Jane’s post documents this sequence of events without any possibility for doubt. The debate that took place over limits on executive compensation for bailout-receiving companies only occurred six weeks ago, and it is all documented in the public press. Dodd was the one fighting against the White House in order to apply the prohibition to all bonus payments, i.e., to make the compensation limits retroactive as well as prospective. As but one crystal-clear example that proves this, here is a February 14 article from the Wall St. Journal on the debate over executive compensation limits:
The most stringent pay restriction bars any company receiving funds from paying top earners bonuses equal to more than one-third of their total annual compensation. That could severely crimp pay packages at big banks, where top officials commonly get relatively modest salaries but often huge bonuses.
As word spread Friday about the new and retroactive limit — inserted by Democratic Sen. Christopher Dodd of Connecticut — so did consternation on Wall Street and in the Obama administration, which opposed it.

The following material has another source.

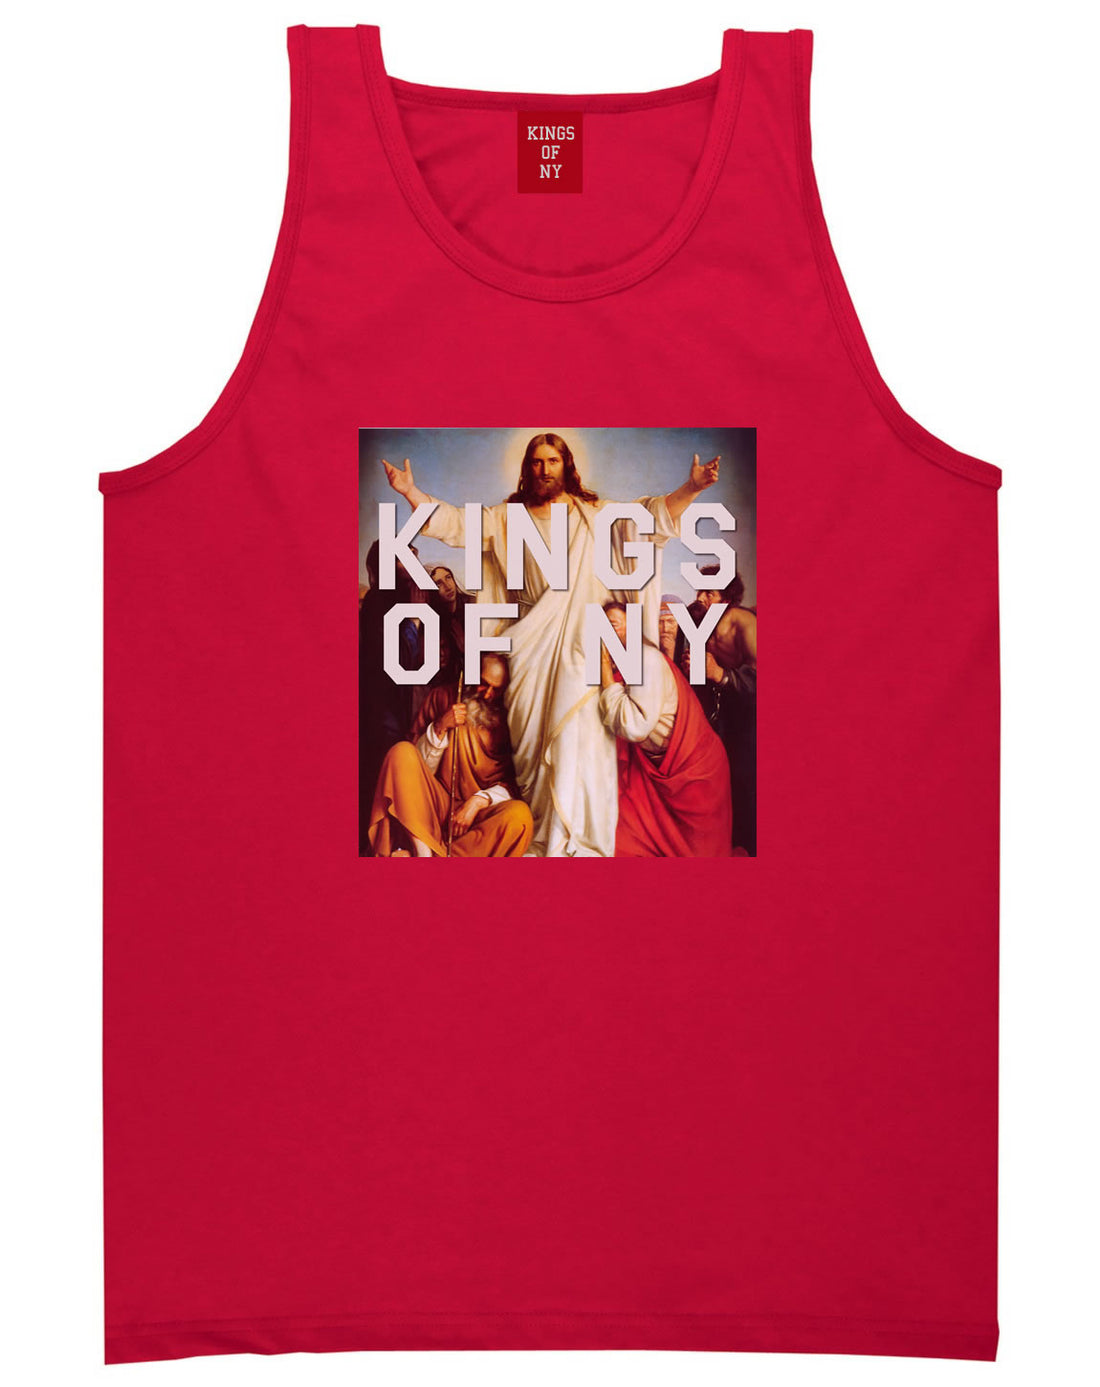 Jesus Worship and Praise of Power Tank Top in Red By Kings Of NY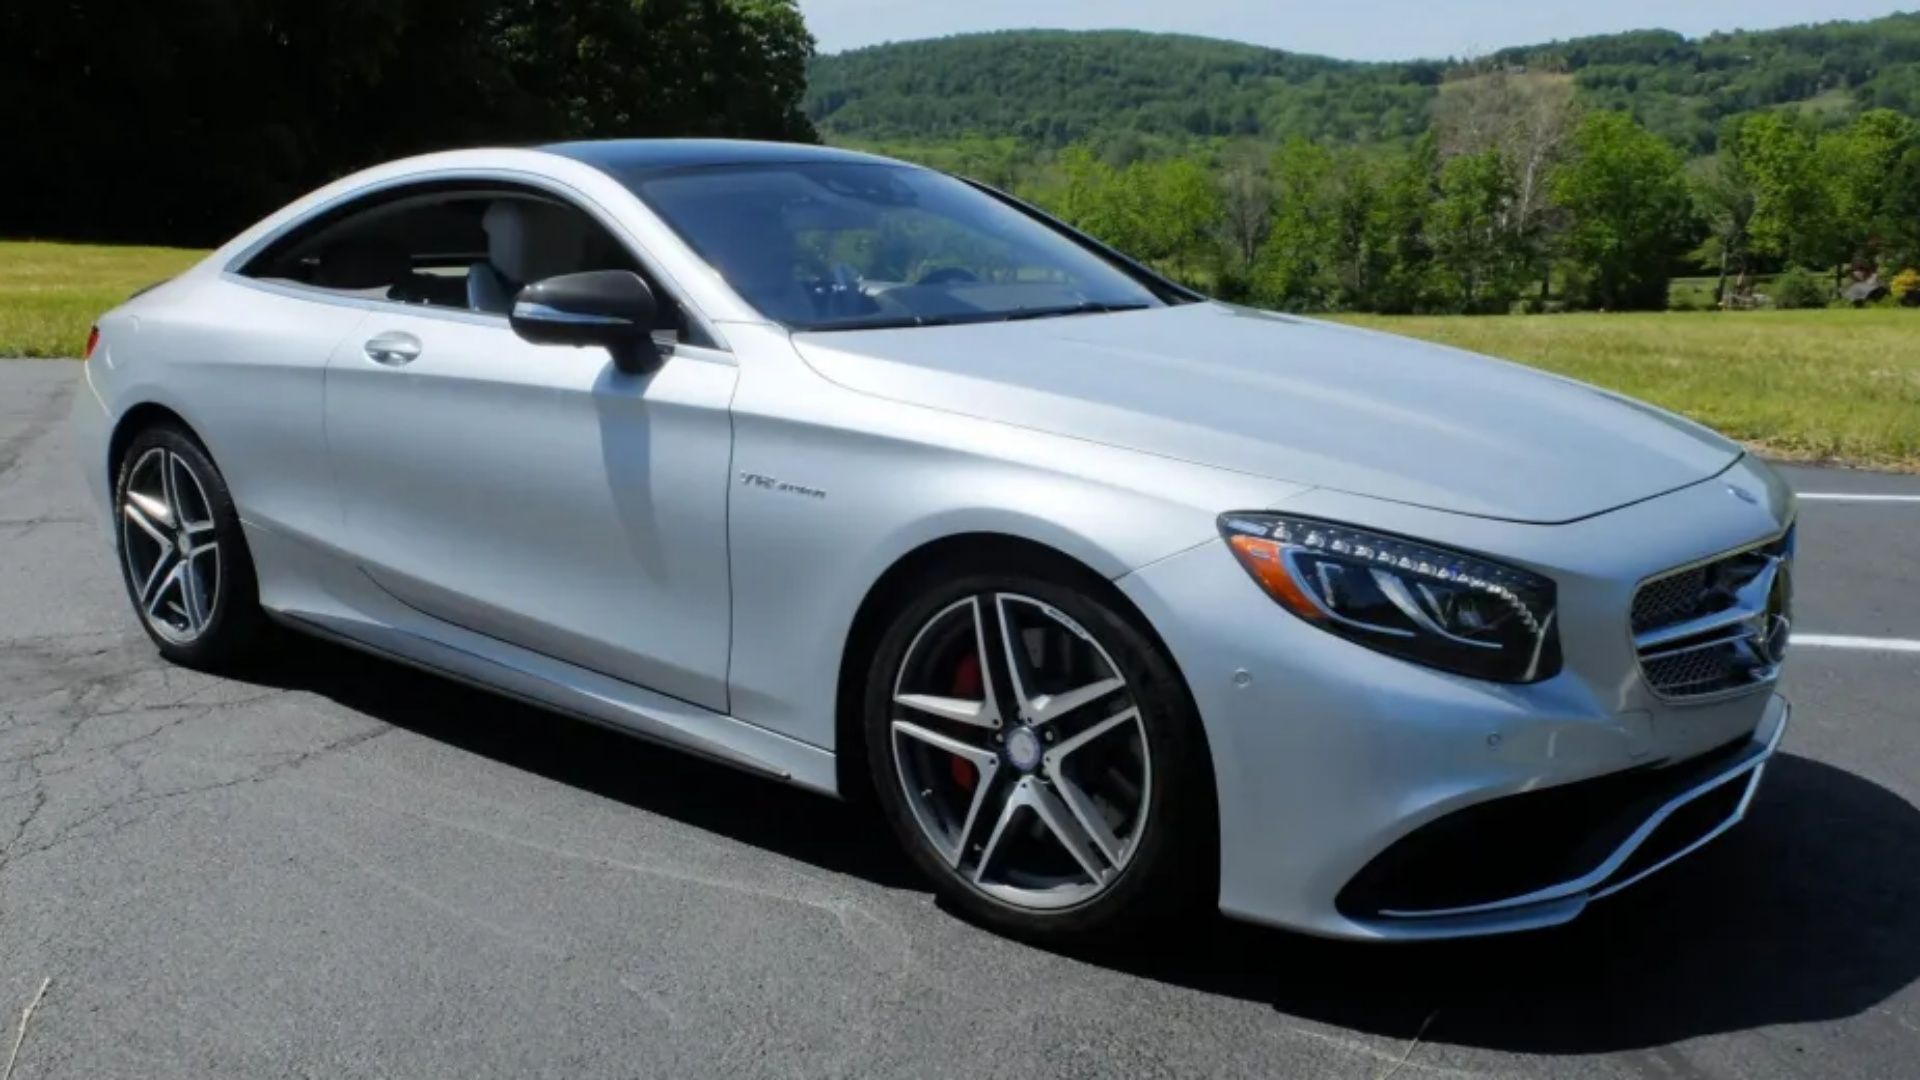 Image of a silver 2015 Mercedes-Benz S65 AMG

Can that be any clearer? It was Obama officials, not Dodd, who demanded that already-vested bonus payments be exempted. And it was Dodd, not Obama officials, who wanted the prohibition applied to all compensation agreements, past and future. The provision which shielded already-promised bonus payments from the executive compensation limits ended up being inserted at the insistence of Geithner.
It really shouldn’t surprise me. Throwing supporters, family members, and key constituents under the bus in order to maintain the Obama Glow was standard operating procedure during the campaign. Why stop now?
How does it feel under the bus Chris? I wonder if you’re rethinking your endorsement now?